The authority of this court and, indeed, of any court of record in this state, to act to recall its previous orders cannot be denied. See, e.g., Bailey v. Steele, 263 Or 399, 401, 502 P2d 586 (1972) (“the authority of a court to vacate or set aside its own judgments is an inherent power of all courts of record or of general jurisdiction and may be exercised without any special statutory authority). This court has exercised that power previously, in the context of orders disposing of petitions for review. See, e.g., State v. Saner, 342 Or 254, 149 P3d 1213 (2006) (on own motion, vacating order denying review); Zimmerlee v. Baldwin, 330 Or 281, 6 P3d 1100 (2000) (vacating on own motion denial of petition for review 14 months later); Ponder v. Baldwin, 330 Or 281, 6 P3d 1100 (2000) (on own motion, granting reconsideration and withdrawing order denying review); Cooper v. Maass, 329 Or 10, *348994 P2d 119 (1999) (on own motion, reconsidering petition for review previously denied and withdrawing order denying review). Although, as indicated, the power to correct may be exercised without any special statutory authority, there also are statutes that explicitly address that authority. See, e.g., ORCP 71 A, C (providing that certain errors may be corrected by trial court at any time on its own motion and that “[t]his rule does not limit the inherent power of a court to modify a judgment within a reasonable time”); ORS 19.270(6)(a) (appellate court, which normally loses jurisdiction over cause when appellate judgment issues, retains jurisdiction to “[r]ecall the appellate judgment as justice may require”).

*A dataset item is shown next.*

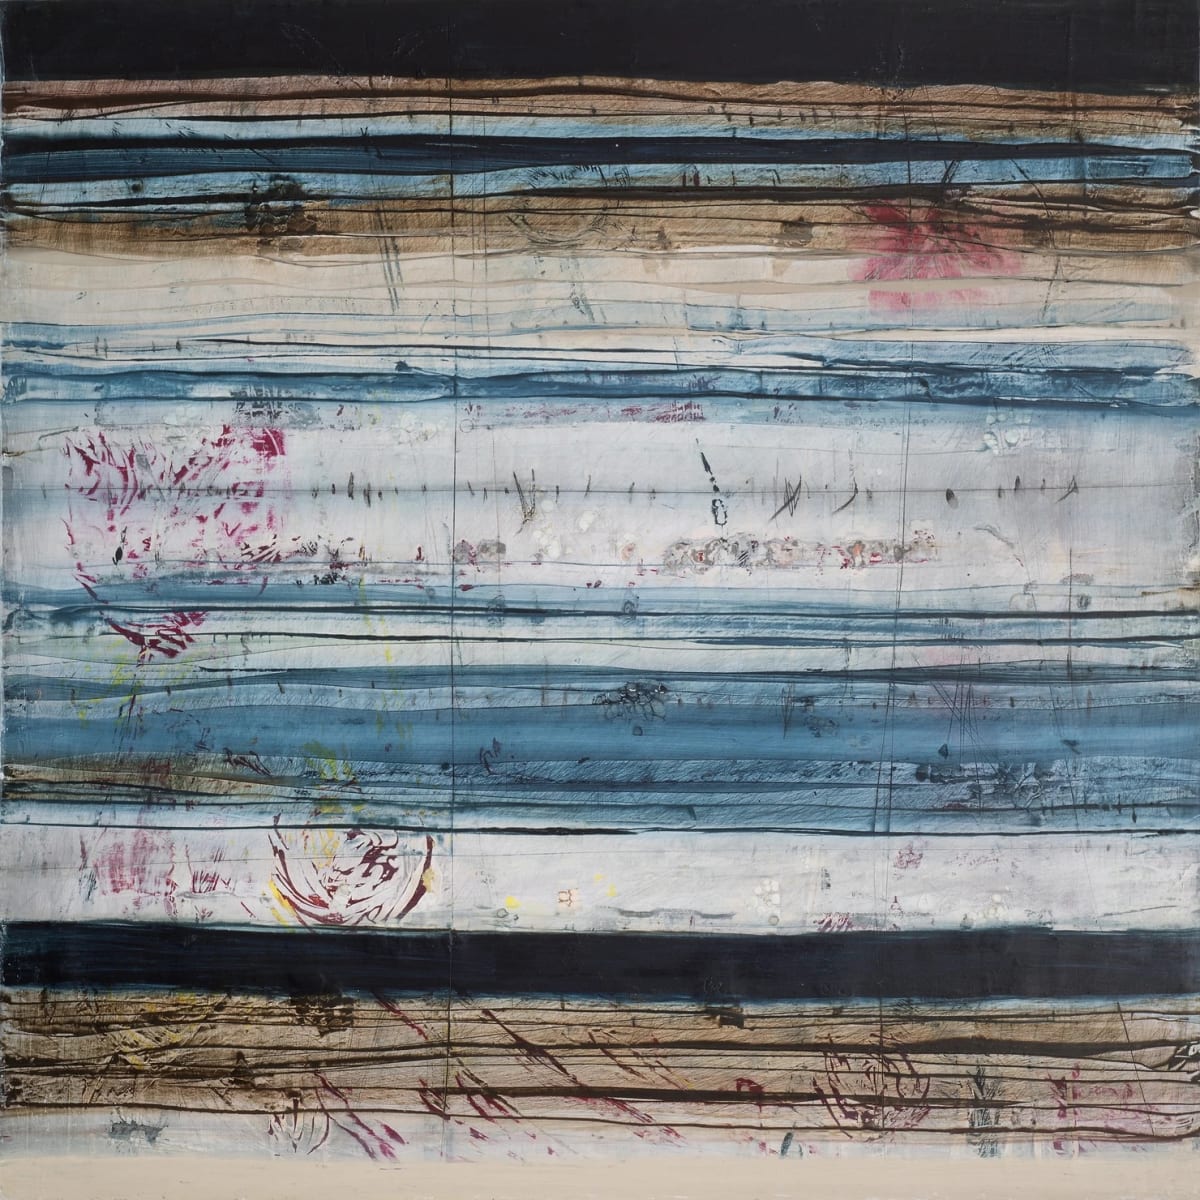 Forgotten Dreams by John Worth  Image: Square striped mixed media abstract painting.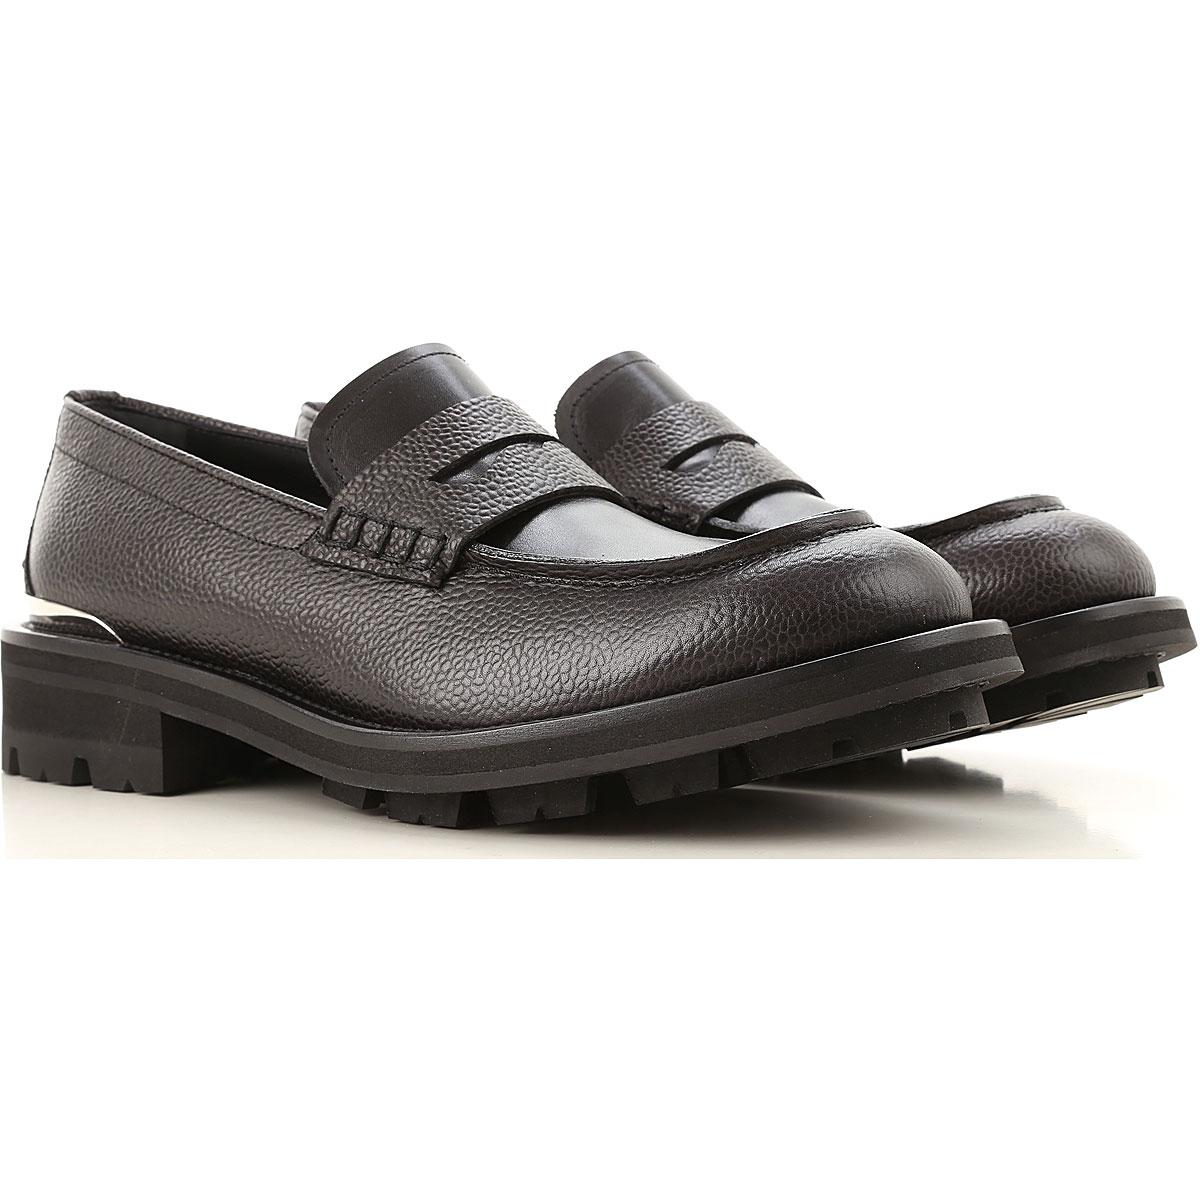 Alexander McQueen Leather Loafers For Men On Sale in Black for Men - Lyst

That fact that Simrin and Goody questioned Haugen’s mental competence is an important factor in assessing Haugen’s contentions that Simrin and Goody had a conflict of interest and should not have had him examined by Lezak or disclosed her opinion to the court. The ethical rules anticipate that a lawyer may need to take action against a client’s personal wishes when the client suffers from diminished capacity. See Oregon Rules of Professional Conduct (RPC) 1.14(b) (lawyer may take necessary action to protect client with diminished capacity even if action against client’s wishes).

As Simrin and Goody explained to this court in the letter that we construed as a petition for a writ of mandamus, the death warrant hearing that was held on *352May 18,2011, was originally scheduled for May 13, 2011. Before that date, Simrin and Goody had been operating under the assumption that the hearing would be continued to give Lezak time to write a complete report and testify in person. However, on May 13, Judge Guimond agreed with the state that the applicable statute required the hearing to be conducted within 30 days of the issuance of the appellate judgment and, therefore, declined to continue it. Because Lezak was then out of the country, Simrin and Goody filed their own declaration summarizing Lezak’s opinion. Later, as noted, Lezak also signed a sworn affidavit summarizing her conclusions, which OCRC attached to the petition for writ of mandamus that it filed with this court.

That hearing was continued on October 7, at which time Judge Guimond entered findings of fact and conclusions of law.

We also should not consider ourselves bound by the arguments of OCRC. We can determine the procedure that the constitution and statutes require and mandate that it be followed.